Figure 1. How to select the lighting classes.

Figure 1. How to select the lighting classes.

3. New Technology: Source and Control System

The designer is asked to choose the suitable lighting technology considering the surroundings of the installation. New optics technologies are designed to reduce the dispersion of light flux; light pollution causes unnecessary energy consumption and has environmental impacts. Moreover, recent research proves the role and effect of light on humans [20], especially related to spectrum and exposure to high levels of illumination [21,22]. For example, Light Emitting Diode (LED) spectrum has a spike in the blue region, which today, appears to be acting on human beings, both their circadian and attentive systems.

From previous considerations, an environmentally friendly lighting system should minimize the lighting levels and at the same time guarantee safety conditions for drivers and pedestrians; it should also be energy efficient and respectful of humans, the environment, and all kinds of living beings.

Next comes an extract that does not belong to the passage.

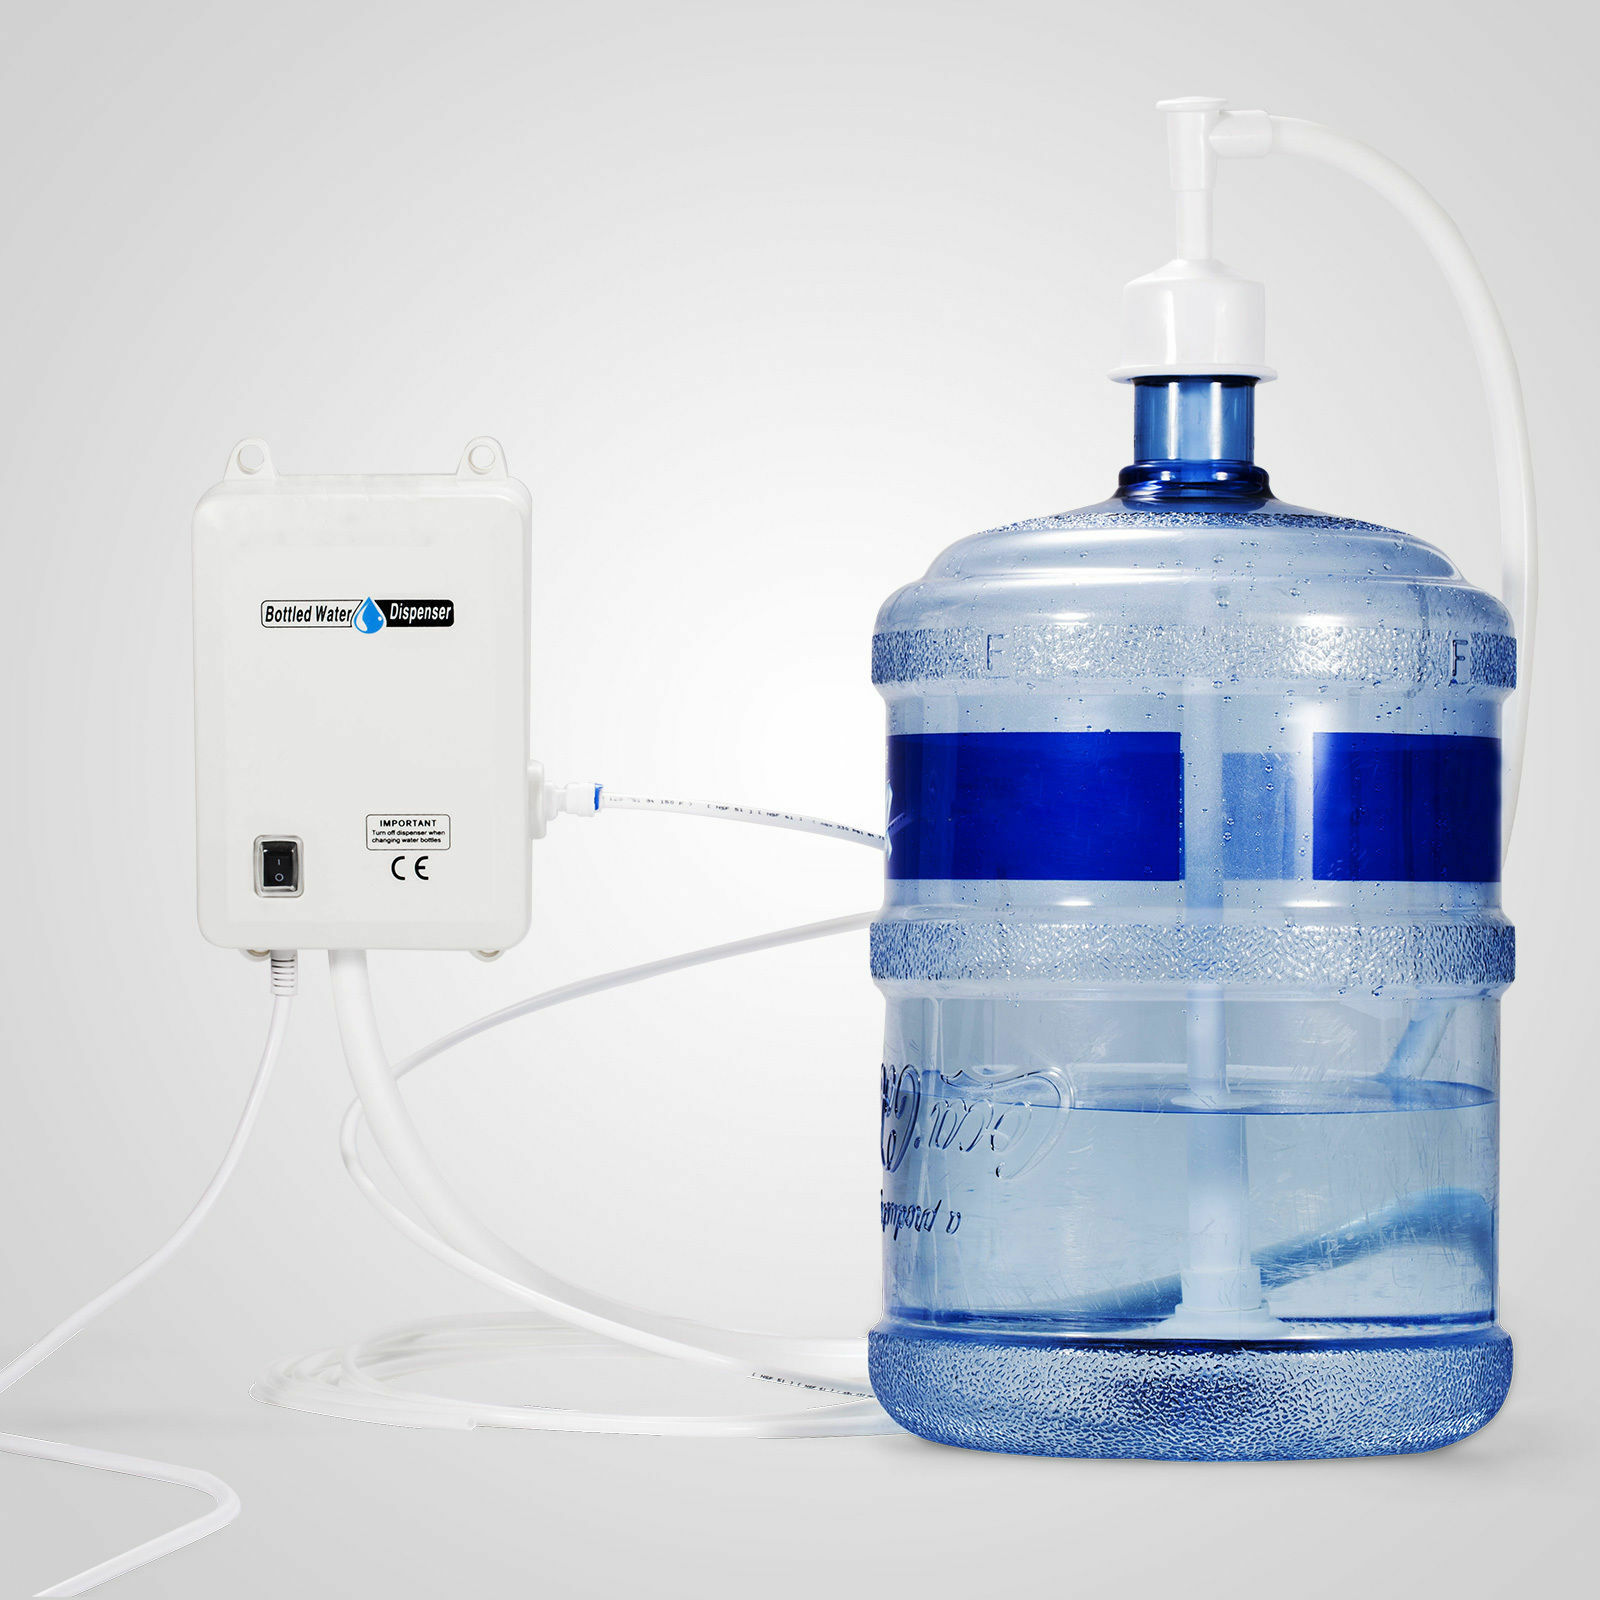 220 V AC l'eau embouteillée Dispensing Pump System remplace Bunn Flojet F Ice Maker UK

Another aspect of design concerns the selection of the lighting source based on their characteristics; LED lights are able to maintain their characteristics, even with 50% dimmed flux and have very long life cycles; metal halide lamps have a high color rendering index but they present a high CCT; and high pressure sodium lamps have high luminous efficiency but a very low color render index. Adding control systems to the design can assure a point by point control, switching and managing the fluxes at preset times, assuring the control of the lighting power utilized and dimming it. Market offers different types of regulators; the basic bi-power system has a preset power regulation set by the hour. Another possible solution is the use of remote control systems that automatically adapt the luminous flux and manage the entire lighting grid. Additional control sensors included in the panel board or in each light point send data to the remote control system, the software analyzes the information (for example how many users are in the area) and adjusts the luminous flux. Furthermore, the aging of dimmed lamp is slower than a continuously operated lamp [23].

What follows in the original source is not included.